Last Predator

Photograph by Paul Salopek
by Paul Salopek
Near Surum, Saudi Arabia, 24°50’55” N, 37°27’38” E

We walked out of the desert and hit a road. Next to the road was a tree, and in the tree hung a wolf. It had been strung up by its heels. What little fur remained parted this way and that as the wolf rotated slowly in the hot wind.

“Wolves are threatened in Saudi Arabia,” says Ahmed al Boug, the General Director of the National Wildlife Research Center, the scientific arm of the Saudi Wildlife Authority. “I myself, over more than 20 years of field work, have seen about 50 wolves hanging in trees. Shepherds shoot them and put them there. Nobody really knows how many are left.”

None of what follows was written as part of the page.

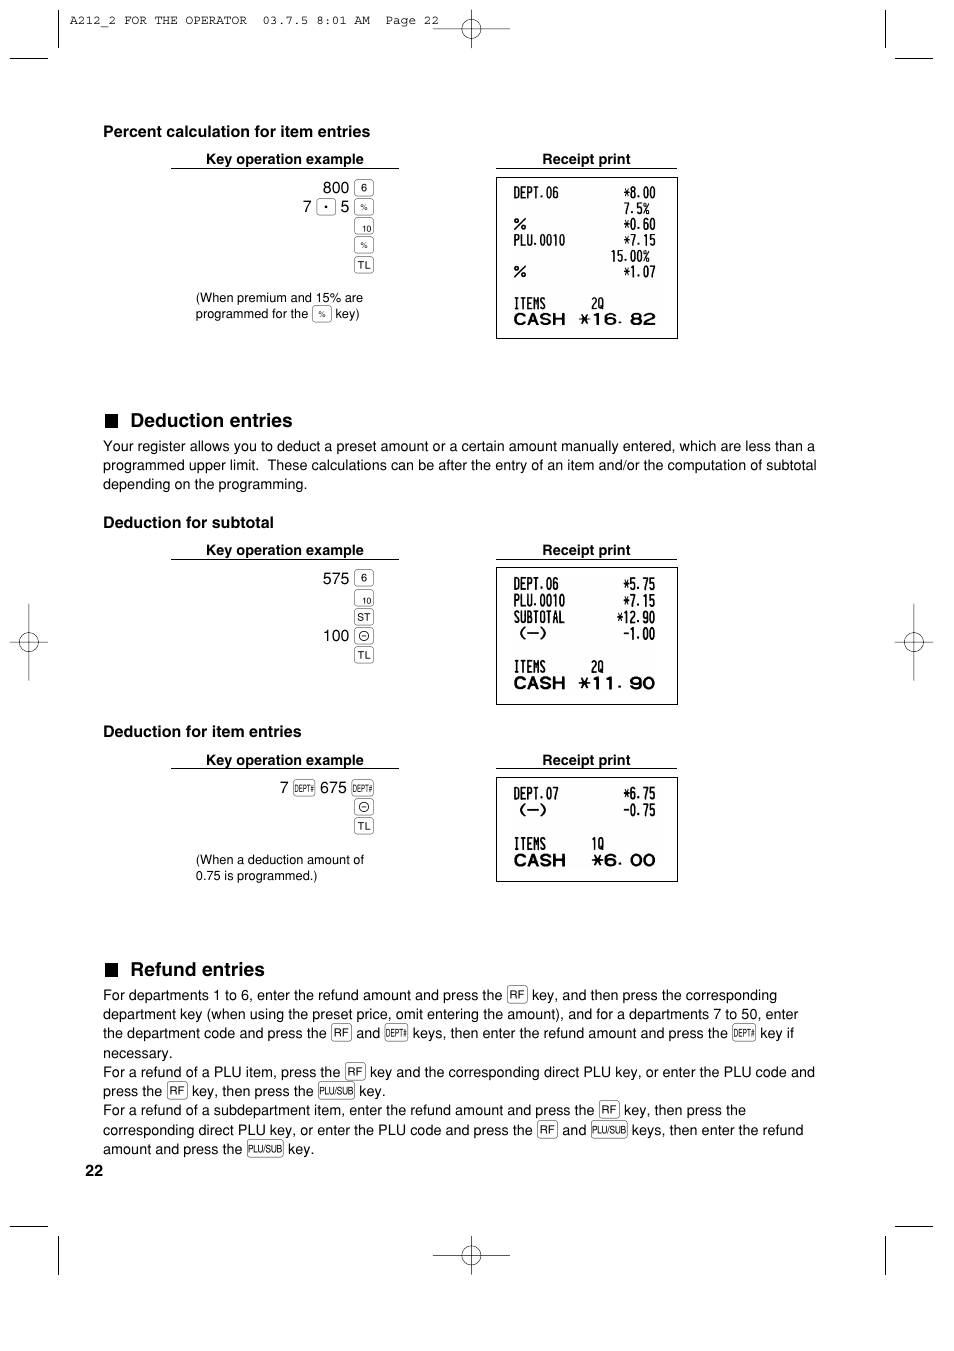 Sharp XE-A212 User Manual | Page 24 / 82

Al Boug says that protected zones are the best hope for Arabia’s last wolves. The kingdom already has 15 nature wildlife preserves. Together they cover more than 30,000 square miles: 4 percent of the nation’s surface. Al Boug says that more reserves, for all sorts of animals, not just wolves, are in preparation and will double that area. “There are good things happening,” Al Boug says. “But enforcement needs more work.”

Presumably, local herders suspend wolves in trees to warn off the dead wolf’s kin.

This practice ascribes supernatural intelligence to wolves. It’s probably merited. Bedouin folklore is a filigree of wolf tales, odes to the human-ness of this animal that may soon be gone, much as the way the Arabian leopard is almost gone. (The number of leopards remaining in Saudi Arabia is perhaps 40.)

We walked on.

We made camp next to a concrete well under a tall, womanly, smooth-branched sahur tree. The moon shone like a wolf’s eye caught in the spotlight of the sun. I could hardly stay conscious for our canned dinner.

When the first humans roamed across the unknown world they experienced days imaginable to us now. Among the things we can never know—that is, we can describe it but never feel it—was the fact that we were walking food. Saber-toothed tigers, massive cave bears, archaic lions, and scores of other powerful animals ate us. This state of awareness, of being prey, comes down to us through the millenniums, faintly echoing like a distant scream in a canyon, as metaphysics. As dreams. As a muscle reflex. As religion. An empty alertness. We are the haunted superpredator.

I was watching our two cargo camels, Fares and Seema, graze under the moonlight when I heard them. The camels looked up in unison. I looked up. It came from the Hejaz mountains, a cardiogram of sharp peaks, blued in moon shadow. Two wolves called to each other once, and not again.